+++ Dataset extract

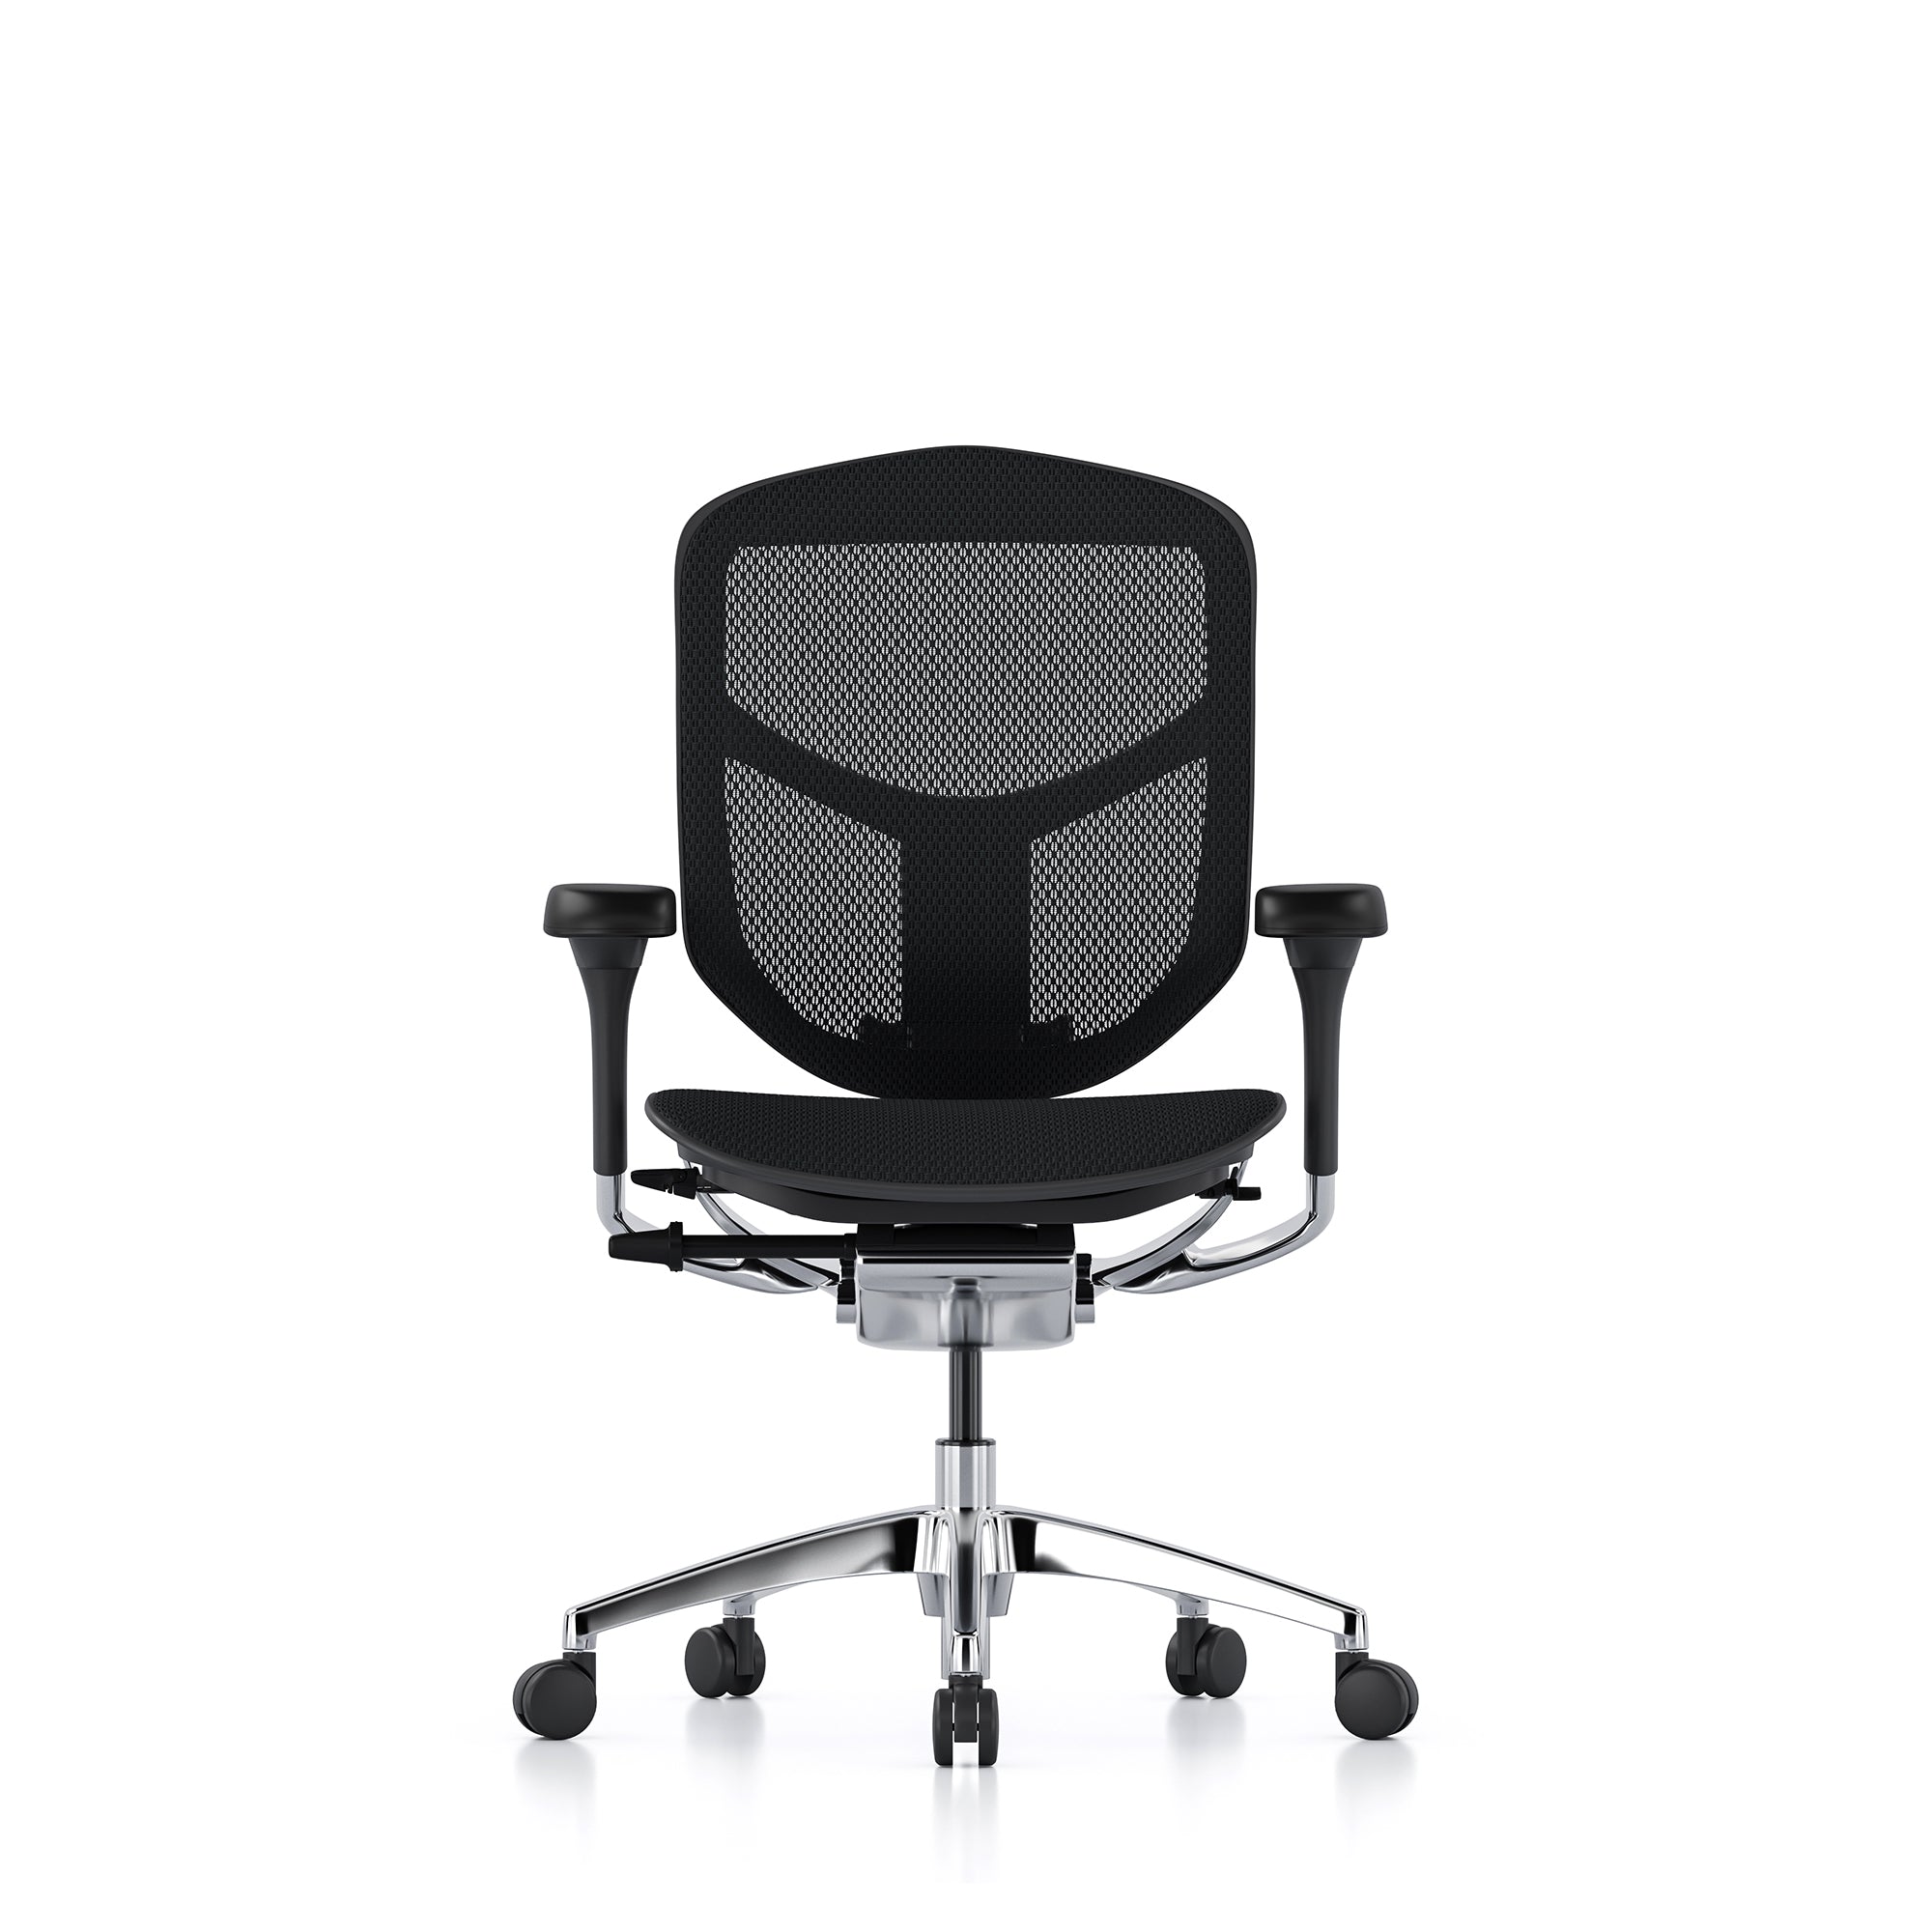 Ergohuman office chairs | Full range of ergonomic office chairs 
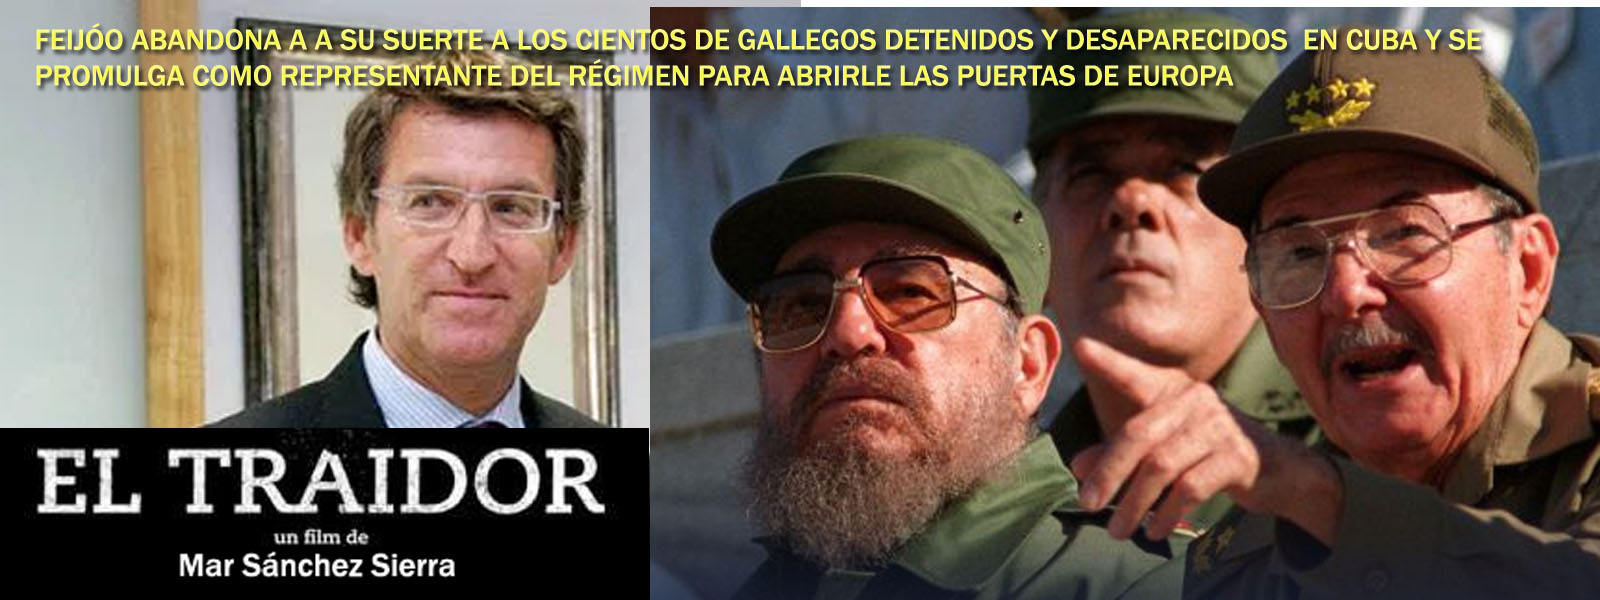 En el año 2021 han formado parte de la lista de Prisoners Defenders 955 prisoneros políticos en Cuba de los que algunos son gallegos despreciados por Feijóo
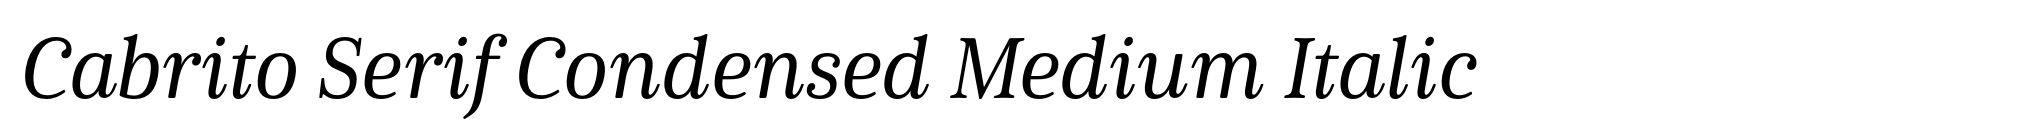 Cabrito Serif Condensed Medium Italic image

++++++

▶ [Exercise prompt]:
An exact copy of the material is required, minus the pictures.

▶ [Reply]:
 Ergohuman office chairs | Full range of ergonomic office chairs 
 En el año 2021 han formado parte de la lista de Prisoners Defenders 955 prisoneros políticos en Cuba de los que algunos son gallegos despreciados por Feijóo
 Cabrito Serif Condensed Medium Italic image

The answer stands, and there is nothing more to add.